* **REQUIRED WORK**: Every line below from the one with "Grass Broom Economy" through the one with "Kirk Edelman Joins" should be retyped exactly, both ends included; no other lines and no pictures.

* **INPUT DATA**:
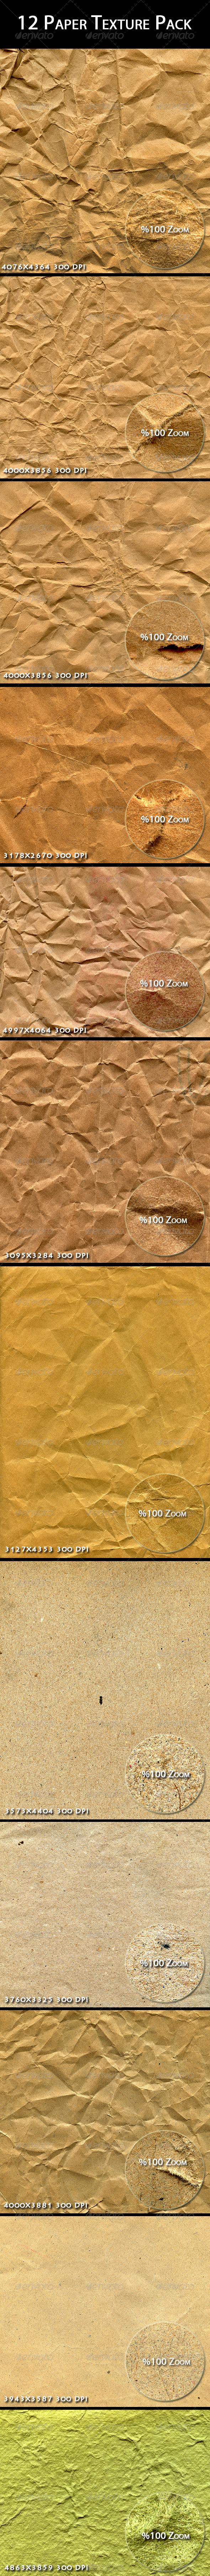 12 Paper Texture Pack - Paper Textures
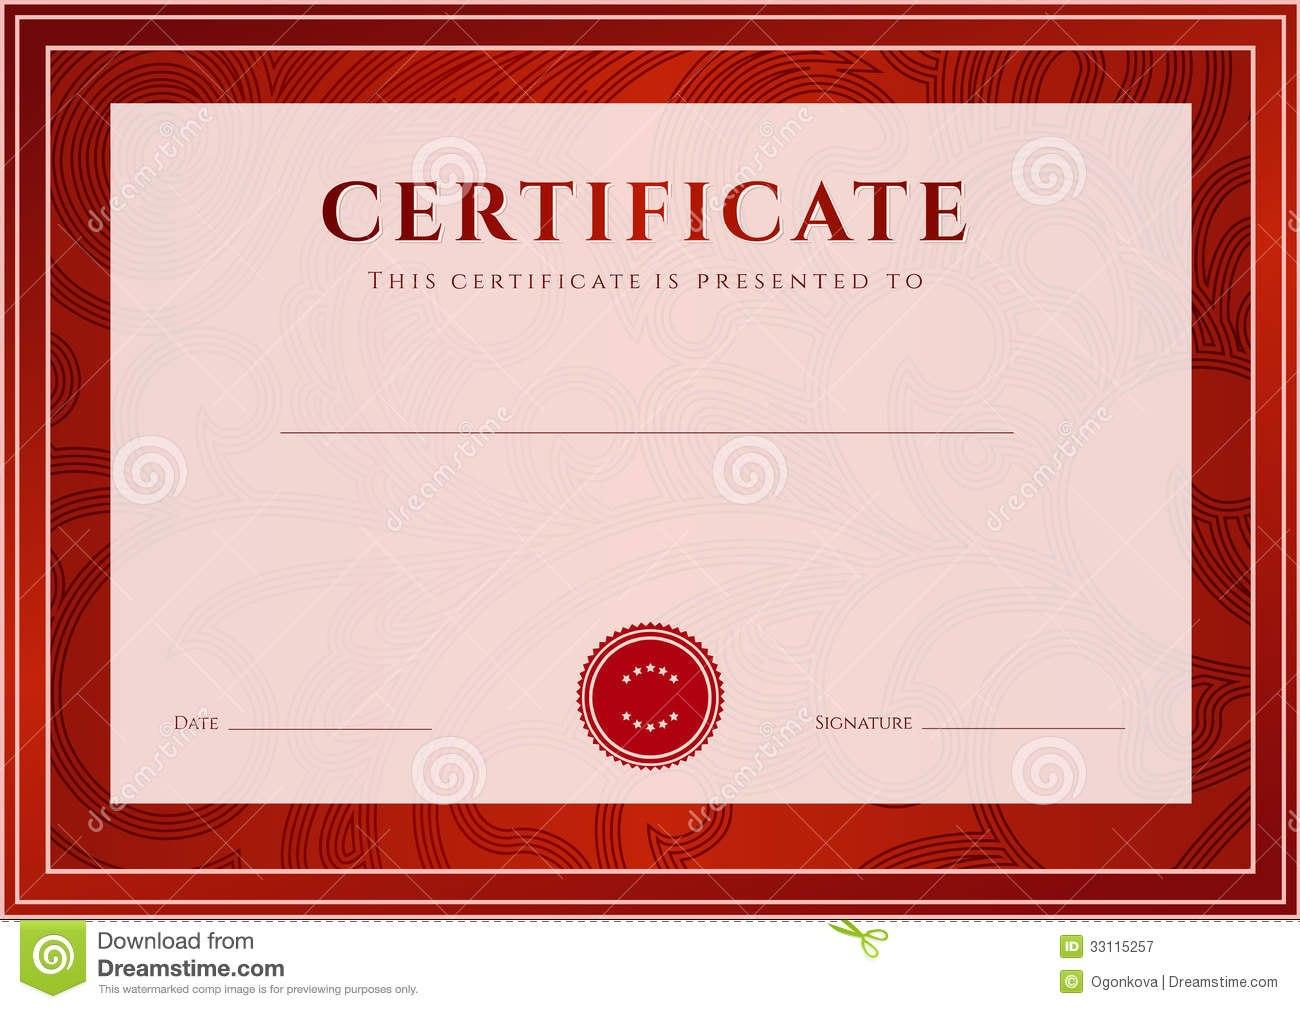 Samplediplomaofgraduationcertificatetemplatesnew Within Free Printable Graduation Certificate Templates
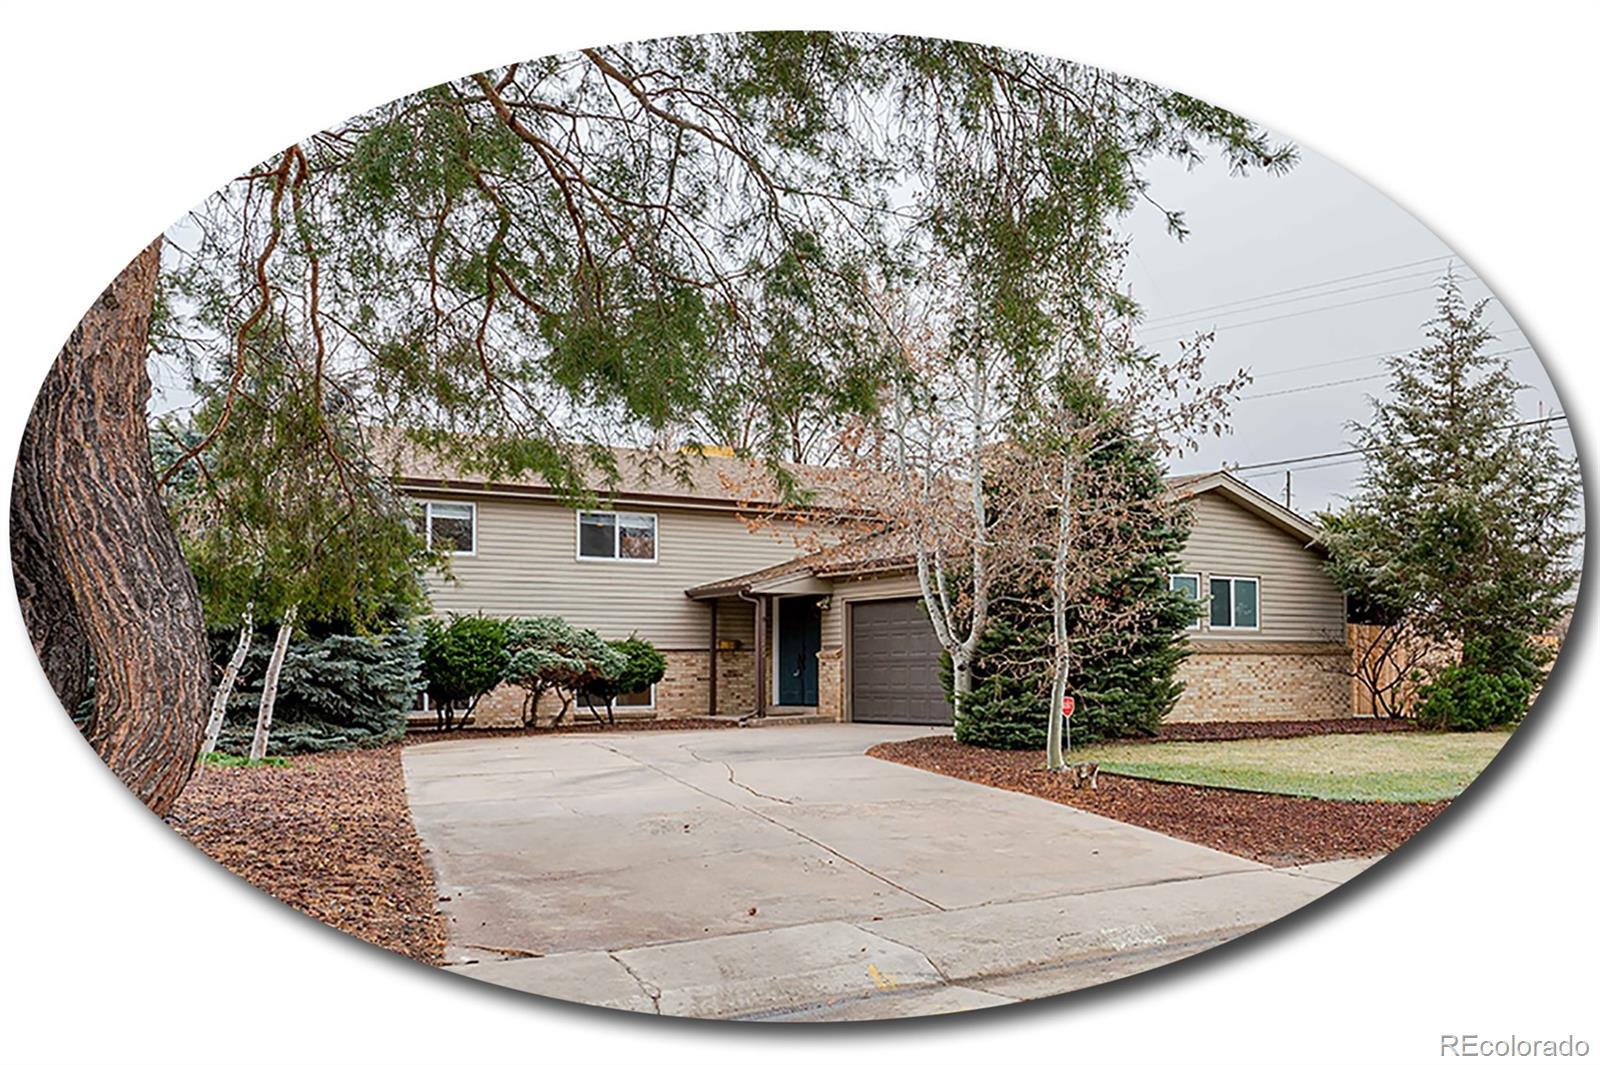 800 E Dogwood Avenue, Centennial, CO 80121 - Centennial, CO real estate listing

---

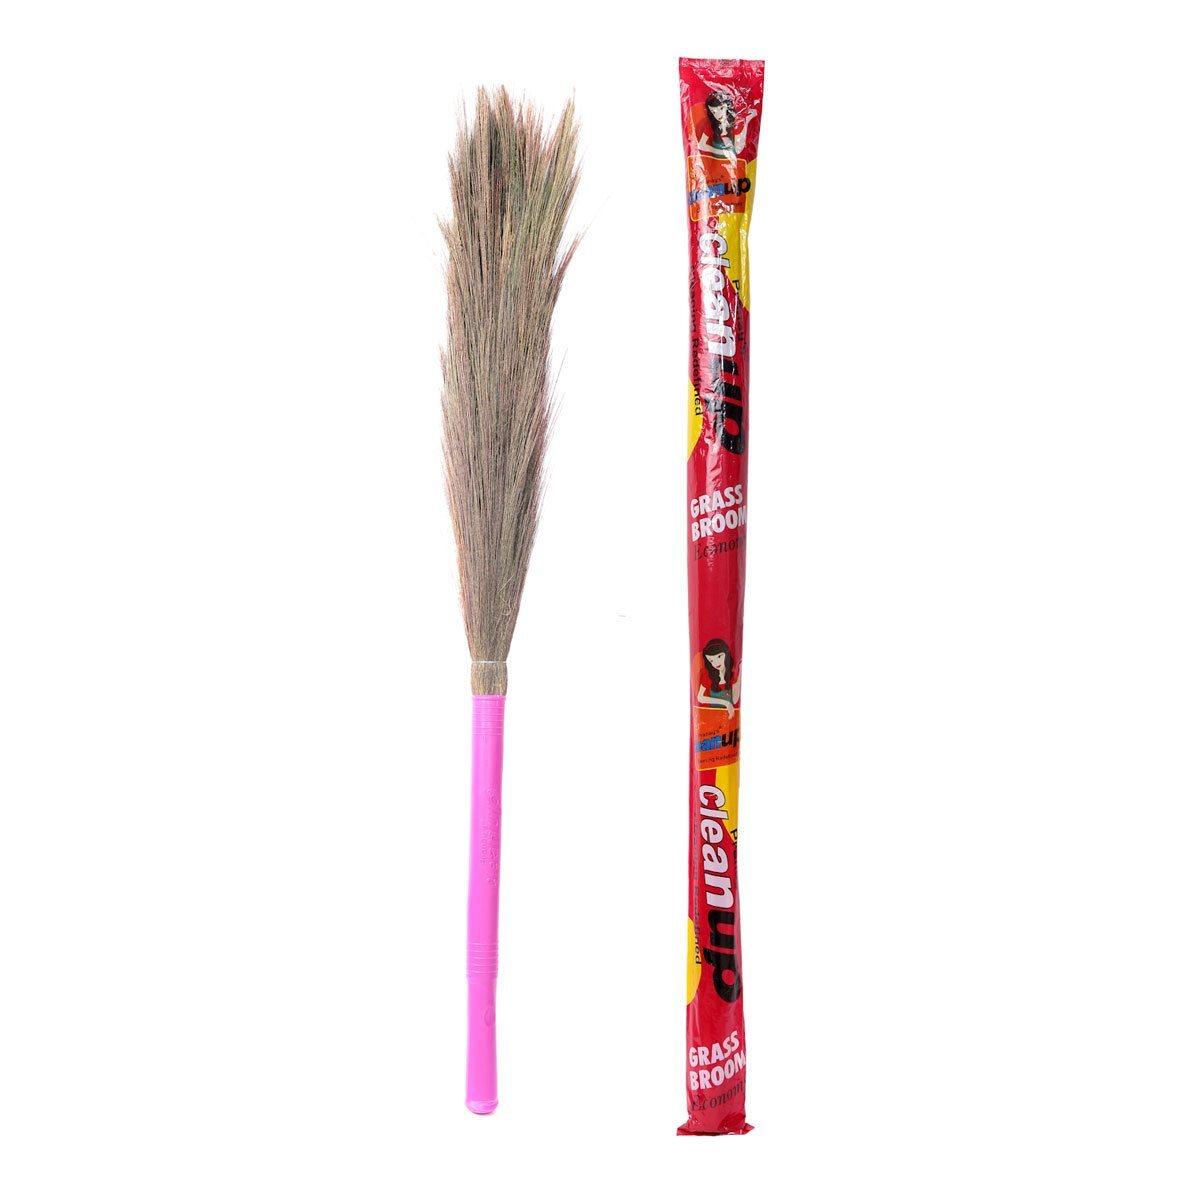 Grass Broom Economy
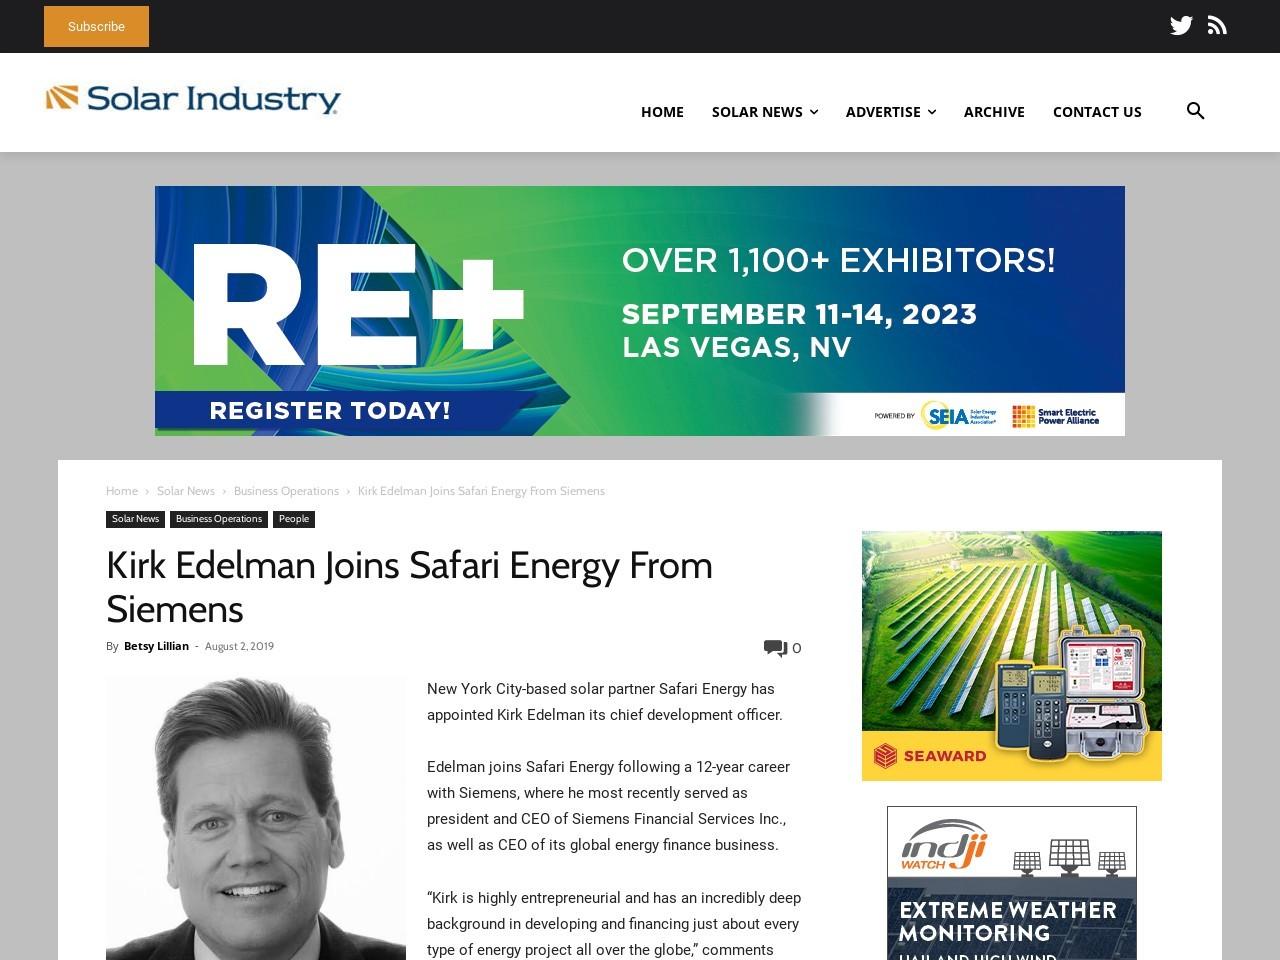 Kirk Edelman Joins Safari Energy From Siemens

* **RESULT FOR THIS EXERCISE**:
 Grass Broom Economy
 Kirk Edelman Joins Safari Energy From Siemens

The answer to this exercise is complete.